Law School Professor Olatunde Johnson Discusses Contemporary Constitutional Issues
Olatunde Johnson’s interest in a law career was sparked shortly after she graduated from Yale with a B.A. in literature. Working for the Children’s Defense Fund in Washington, D.C., she found herself surrounded by lawyers and was intrigued by how they approached the law. “They defined law quite broadly,” she recalls. “They thought of law as not just litigation, but legislative advocacy.
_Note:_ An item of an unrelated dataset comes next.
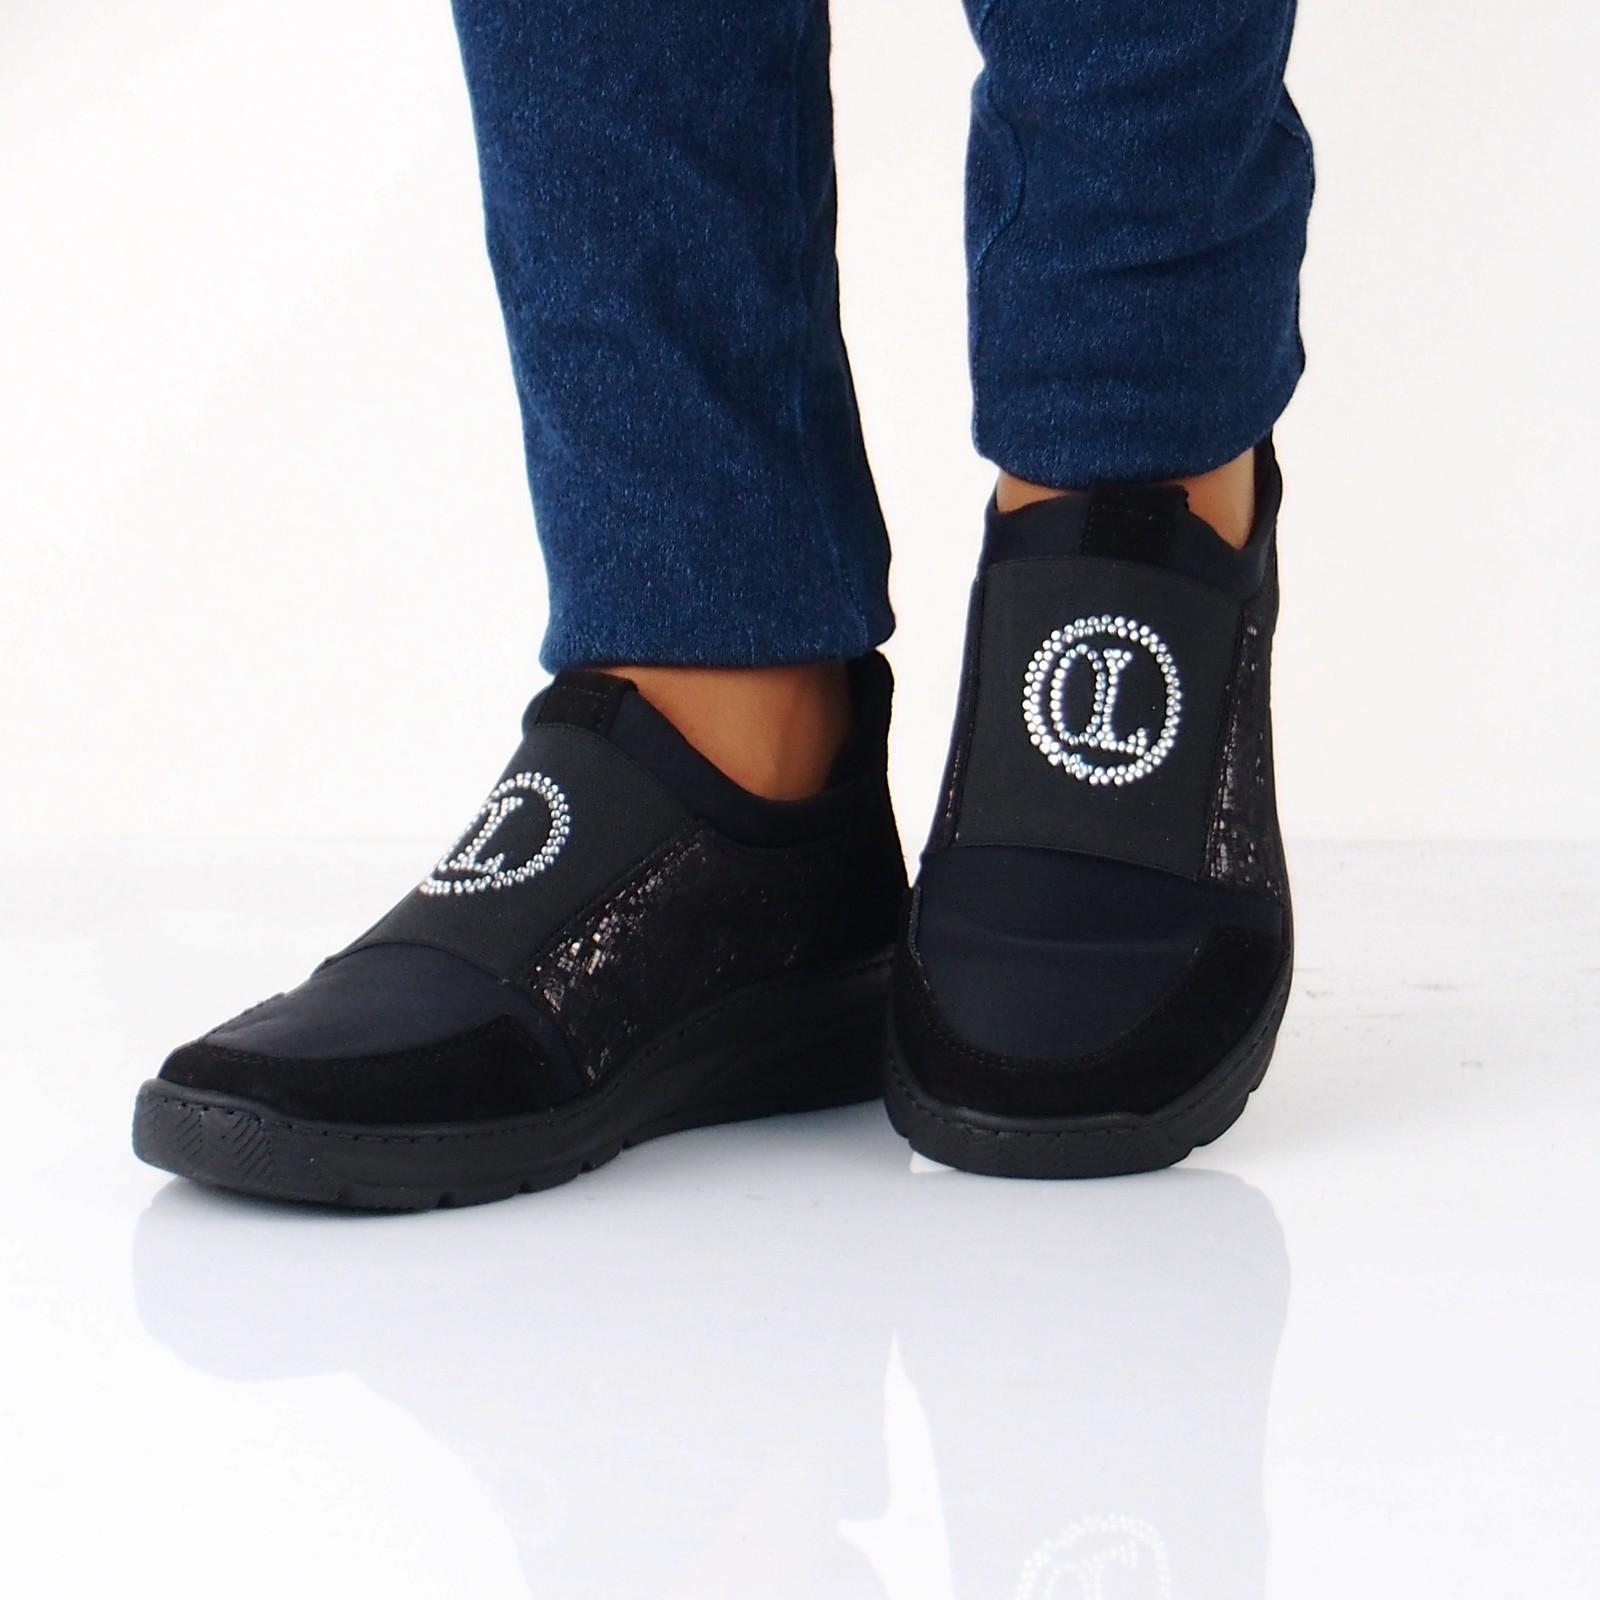 4aca299320bd Olivia shoes dámske tenisky s ozdobnými kamienkami - čierne ...

I went to law school because I wanted to develop a full range of tools to advocate effectively for issues that I cared about.”
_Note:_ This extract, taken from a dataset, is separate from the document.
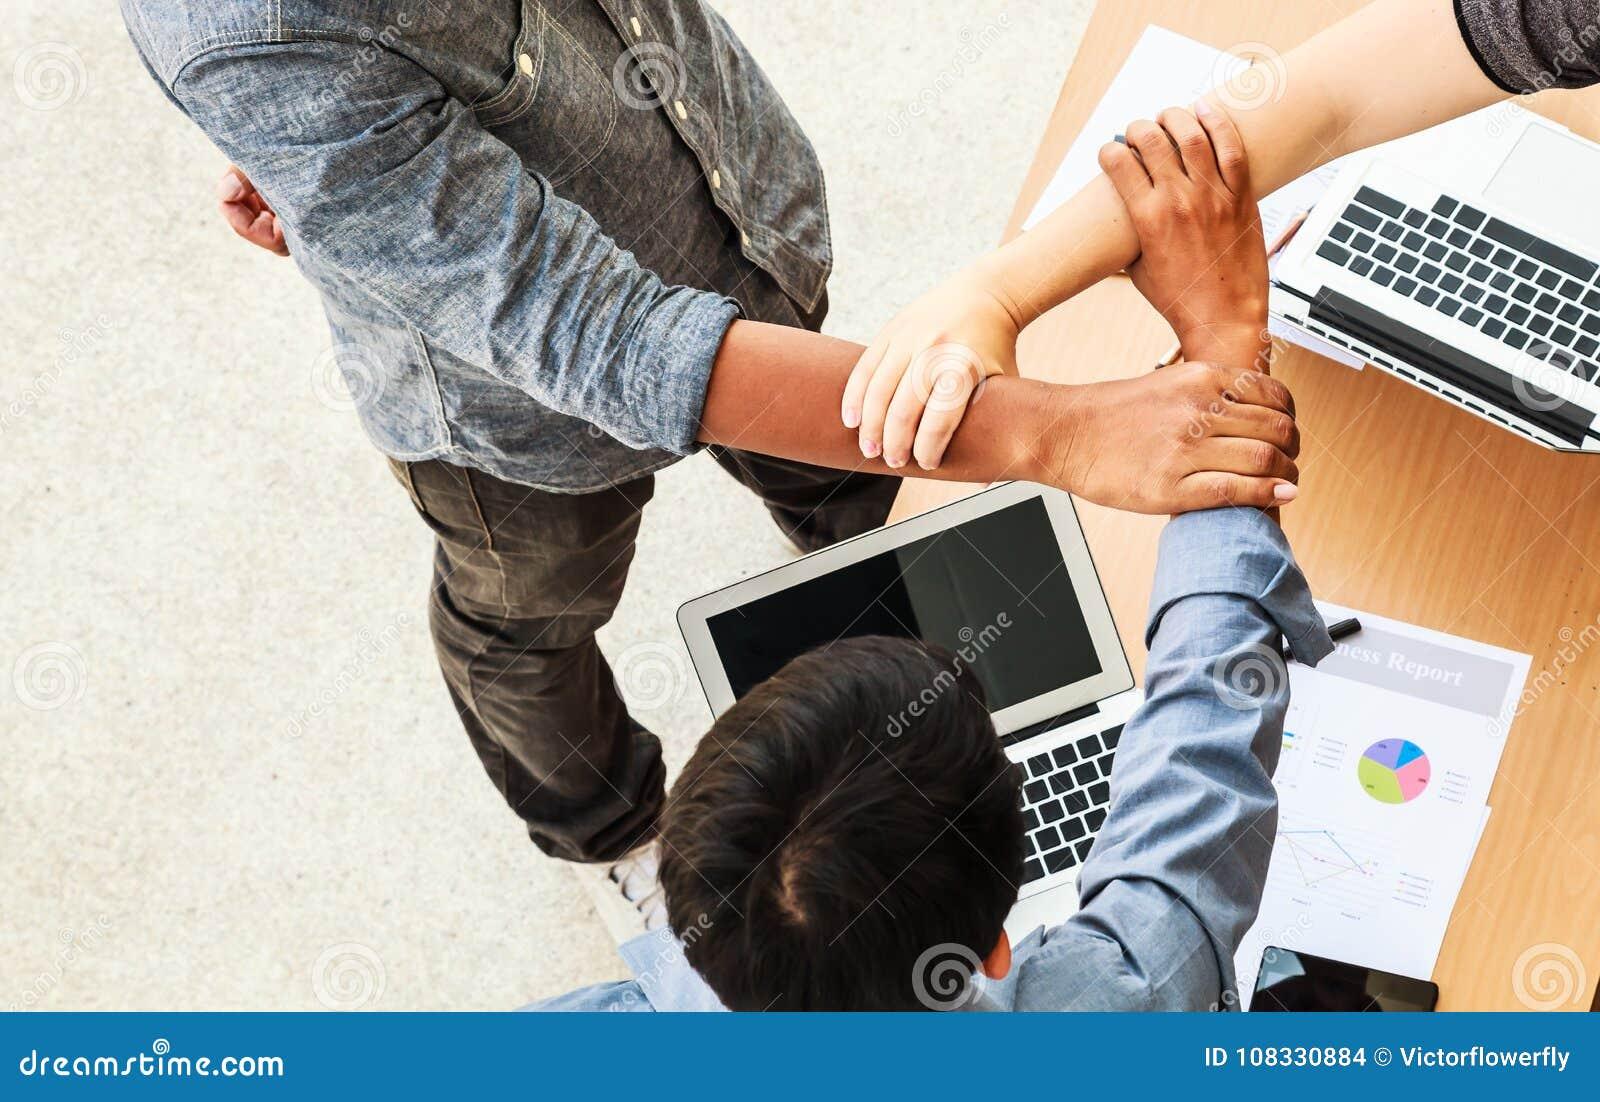 在三角的商人配合会议加入的手在办公室概念,使用想法,图,计算机,片剂,巧妙

Johnson honed those tools as a law clerk for the prestigious District of Columbia Circuit Court of Appeals, and then at the U.S. Supreme Court working for Justice John Paul Stevens. “As a young lawyer it is incredible training,” she said. “You enter the legal profession able to take apart and put together almost any legal issue that faces you,” said Johnson, who also worked for Senator Edward M. Kennedy at the Senate Judiciary Committee.
Given her expertise in constitutional law and Congressional power, The Record asked Johnson to discuss recent clashes between the executive and legislative branches.
Q. Taking as a starting point the president’s fractious relationship with Congress, can you talk a bit about the balance of power between the two branches of government?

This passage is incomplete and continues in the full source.